Nepomuk without Strigi

2012-11-07T21:36:55Z

Strigi has always been a large part of Nepomuk. In fact a lot of users still do not understand the difference between the two. It’s quite common to see bug reports saying mentioning “Strigi/Nepomuk”. Lots of blog posts do the same.

Strigi consists of a number of different parts. In Nepomuk we just used to use libstreams and libstreamanalyzer. These were pure C++ libraries. The great thing about Strigi is that it is based on streams, instead of files. So one can theoretically even extract metadata from the album image embedded inside an audio files. It’s very powerful. Unfortunately, everything comes at a price, and this increased “awesomeness” comes with increased complexity. Additionally with it being a pure C++ ( no Qt or KDE ) library, contributing is harder.

For 4.10, We decided to take a very drastic change and move away from Strigi. There are a large number of reasons for doing so. Apart from the technical ones there was also an economic one - A large code base like Strigi is difficult to maintain and comes with a lot of added complexity.

Our own solution is based only on files (not streams) thereby making it a lot simpler. It directly uses the Nepomuk and KDE libraries, thereby making integration very simple. Integrating Strigi in Nepomuk required a lot of code.

This new file indexer currently resides in the nepomuk-core repository and does not have a public interface. I’m currently still debating if it should be public for 4.10. Write about if it gets a public interface, one can theoretically write plugins in other languages.

So far we have 5 indexers -

Image File - Based on Exiv2
Video Files - Based of ffmpeg (We might move to gstreamer)
Audio Files - Taglib
PDF Files - Poppler
Plain Text files

Writing file indexers for Nepomuk is now very simple. In fact these 5 indexers combined are just 500 lines. Here is the important part of the plain text extractor -

QTextStream ts( &file );
QString contents = ts.readAll();

int characters = contents.length();
int lines = contents.count( QChar('\n') );
int words = contents.count( QRegExp("\\b\\w+\\b") );

SimpleResource fileRes( resUri );
fileRes.addType( NFO::PlainTextDocument() );
fileRes.addProperty( NIE::plainTextContent(), contents );
fileRes.addProperty( NFO::wordCount(), words );
fileRes.addProperty( NFO::lineCount(), lines );
fileRes.addProperty( NFO::characterCount(), characters );

The current file indexers cover most of the commonly used files, but they still need to be polished.
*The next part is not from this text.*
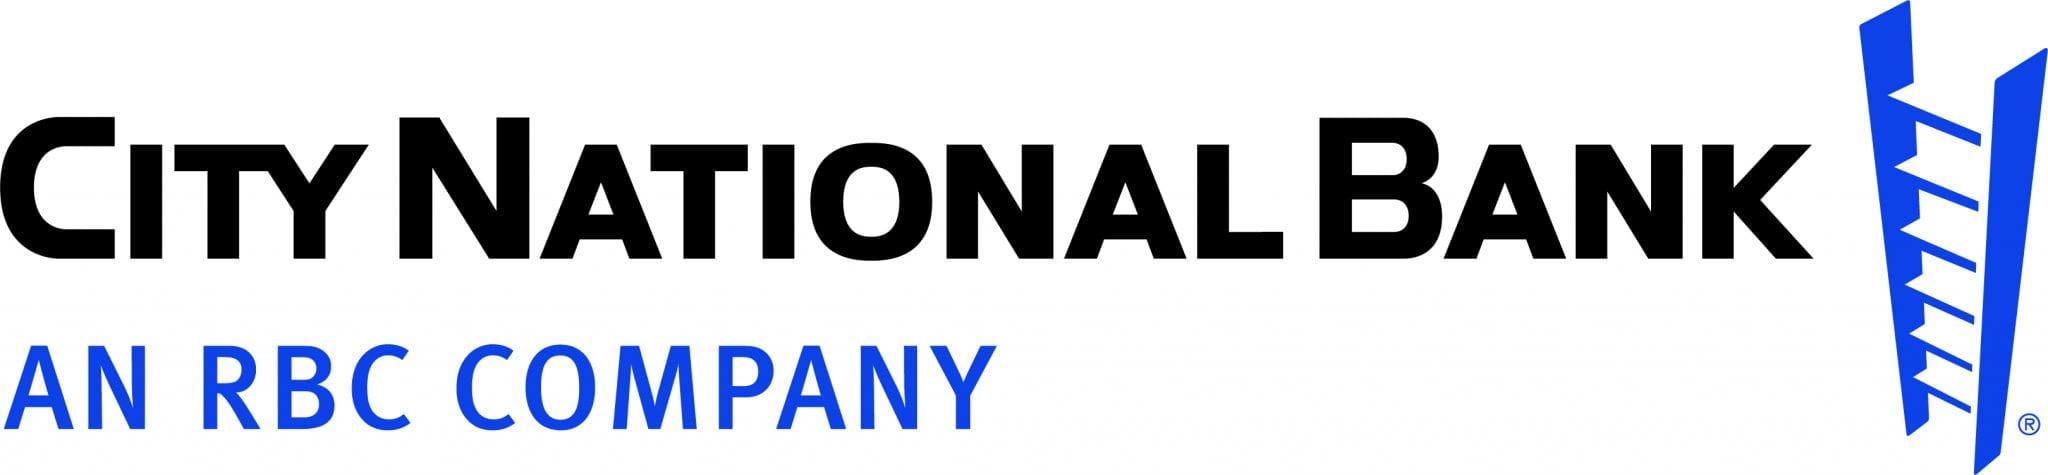 CNB-RBC Integrated Logo_Color_NoShield1

So, if you’re interested in contributing to Nepomuk, here is your chance.

I’ve managed to catalog some of the different files that I know we support. Our current indexers support many more formats, they just need to be properly tested.

If you’re interested in helping, you can start by running nepomuk-core, and manually indexing the different file formats and updating this page. If you’re a developer, feel free to checkout nepomuk-core, and start writing extractors. I’ve written a simple guide.

Btw, all of this Nepomuk awesomeness is powered by Blue Systems!